Pick your favorite decision problem with really really bad asymptotic complexity: say, $\Theta(2^{2^n})$.

We're going to define a sequence of algorithms for this problem. The $k^{\text{th}}$ algorithm in this sequence will treat $k$-bit inputs as a special case.

Whatever the decision problem is, deciding it for all $k$-bit inputs is equivalent to computing some function $f:\{0,1\}^k \to \{0,1\}$. By a result of Shannon, there is a circuit of size $O(2^k/k)$ computing $f$; the algorithm will handle all $k$-bit inputs by just evaluating this circuit. This takes polynomial time in the size of the circuit, so we can bound the time by $C^k$ for some constant $C$ (the same constant $C$ works for all $k$). For all other input sizes, the algorithm will just default to whatever the $\Theta(2^{2^n})$ approach is.

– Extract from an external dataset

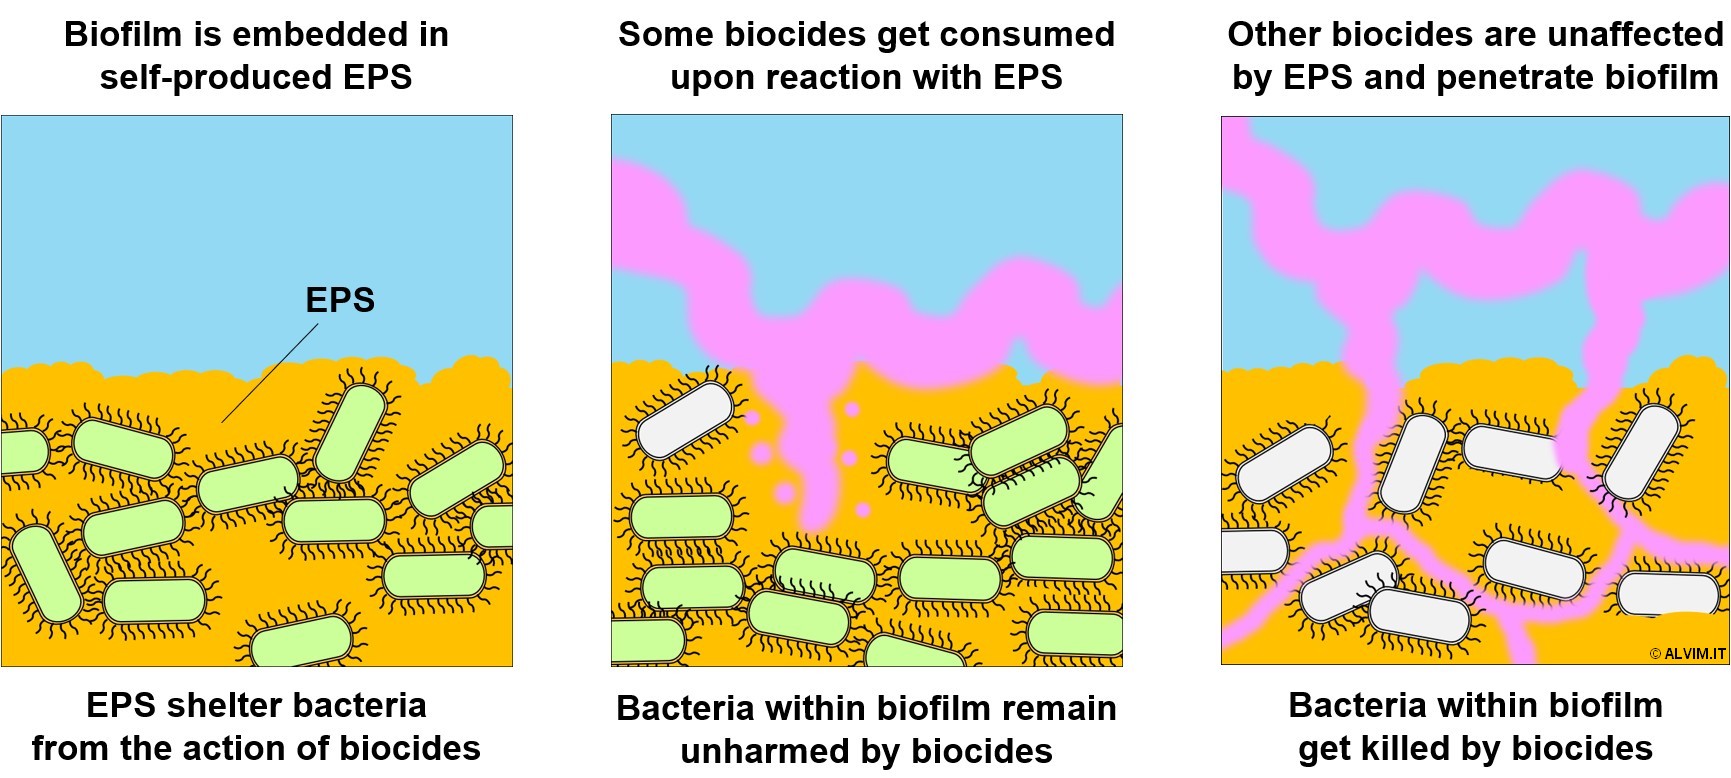 The biocide ability to penetrate biofilm is inversely proportional to its reactivity toward EPS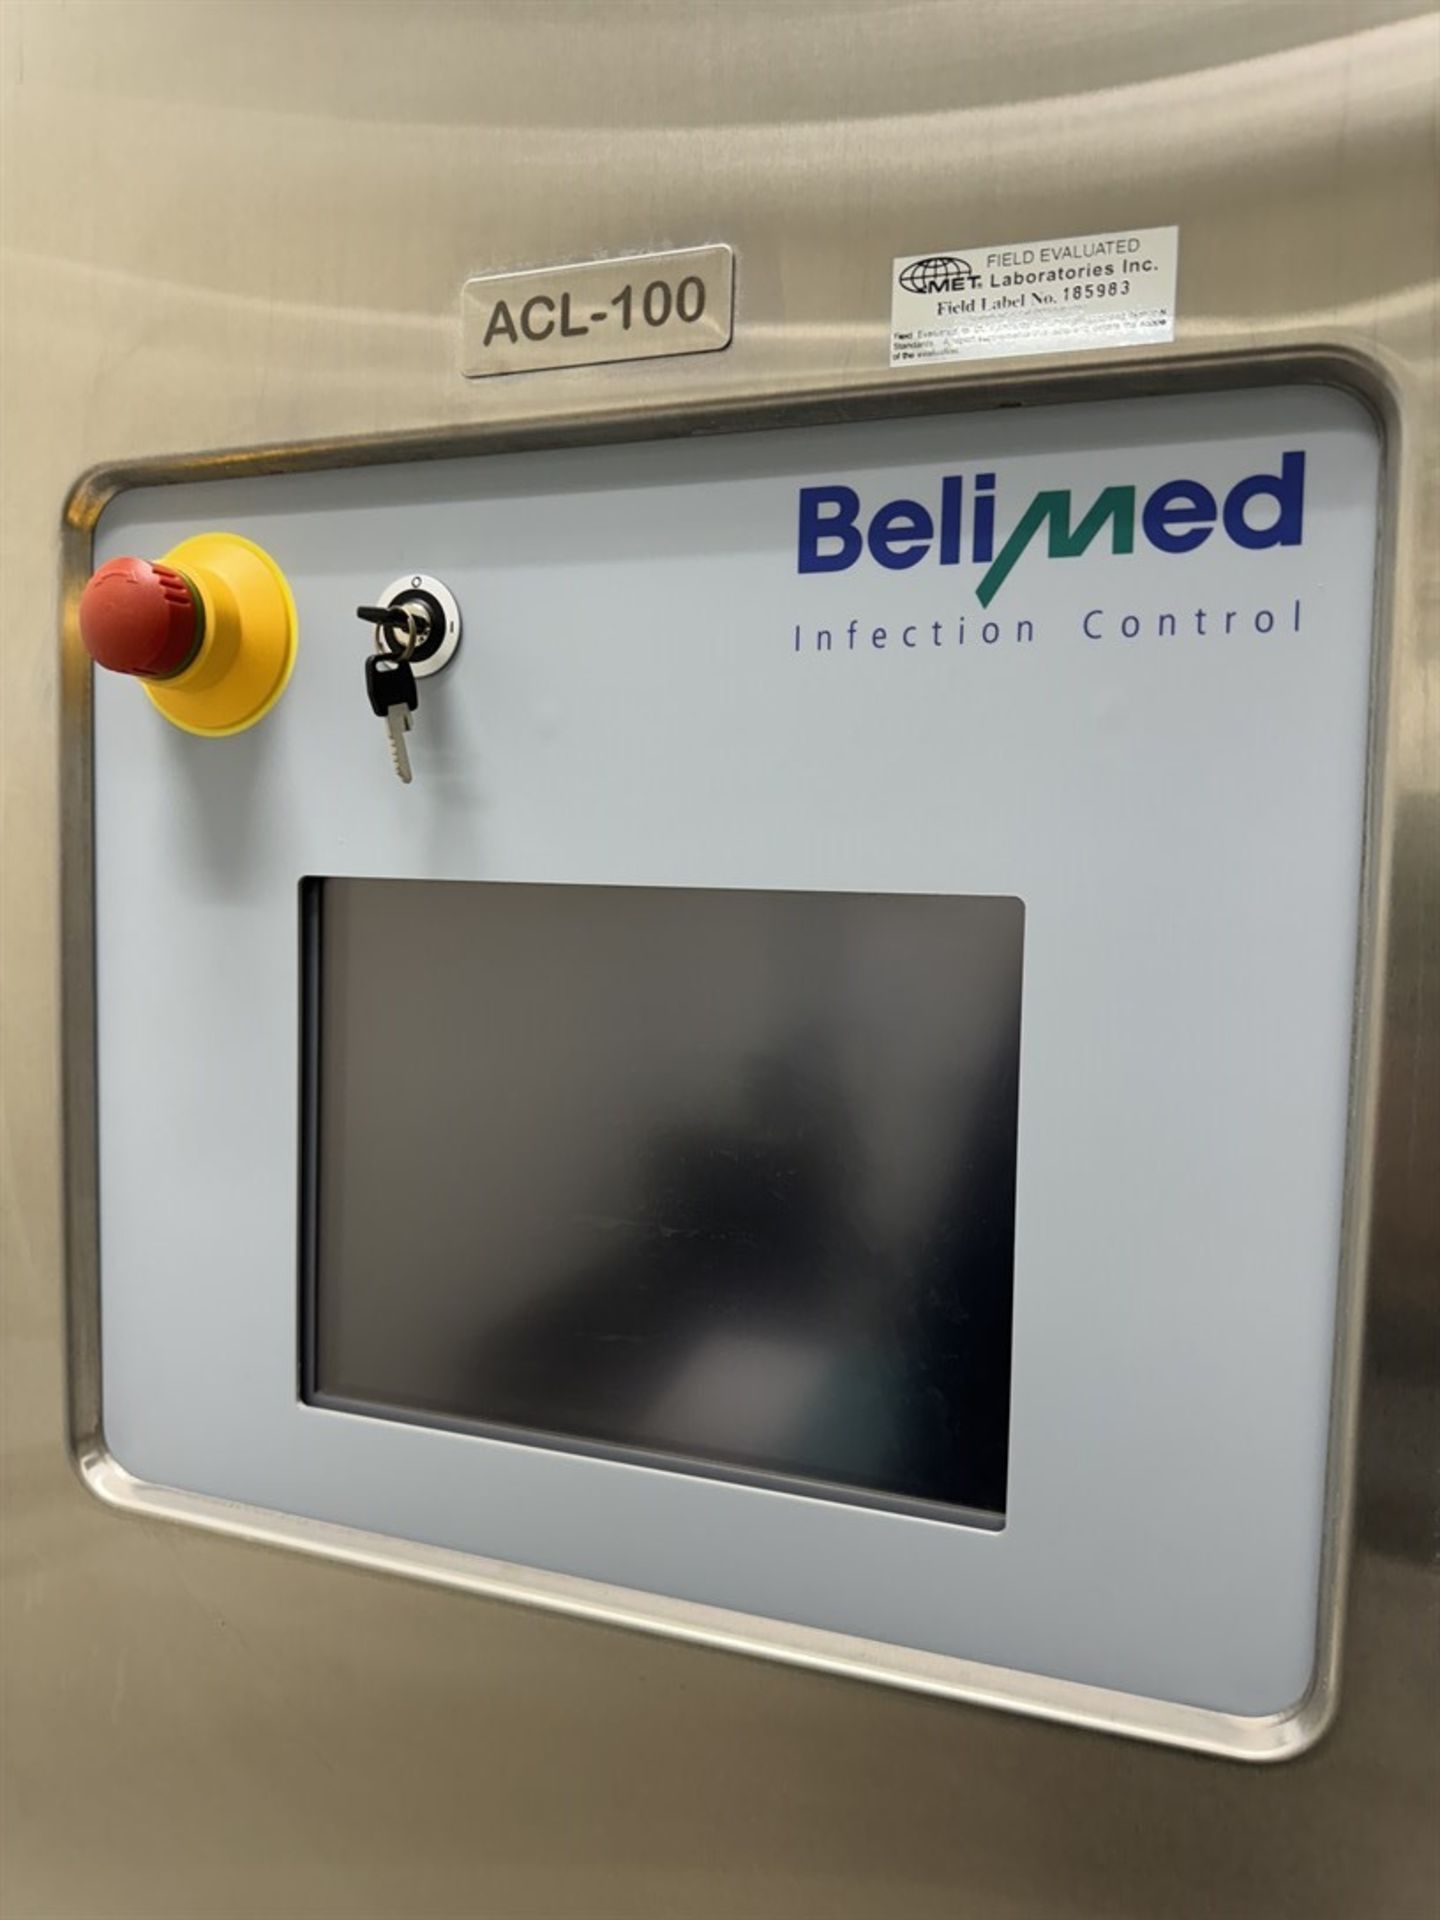 2014 BELIMED 6-6-9 HS2 Autoclave, s/n 750734, Belimed Infection Control, (2) Autoclave Loader Carts - Image 6 of 15

All of these algorithms have asymptotic complexity $\Theta(2^{2^n})$. But the actual functions representing these complexities look like $$ f_i(n) = \begin{cases}C^n & n = k, \\ 2^{2^n} & \text{otherwise}\end{cases} $$ and so taking their pointwise infimum gives us a function which is $\Theta(C^n)$.


This is actually a really important feature of complexity theory: we need to distinguish the circuit complexity of a problem (the size of a circuit needed to solve it on $n$ bits, as a function of $n$) from the uniform circuit complexity (the size of a circuit needed, if there must be a Turing machine that outputs the $n^{\text{th}}$ circuit in $\operatorname{poly}(n)$ time). The construction above is exploiting the non-uniformity of the circuits Shannon's theorem gives us.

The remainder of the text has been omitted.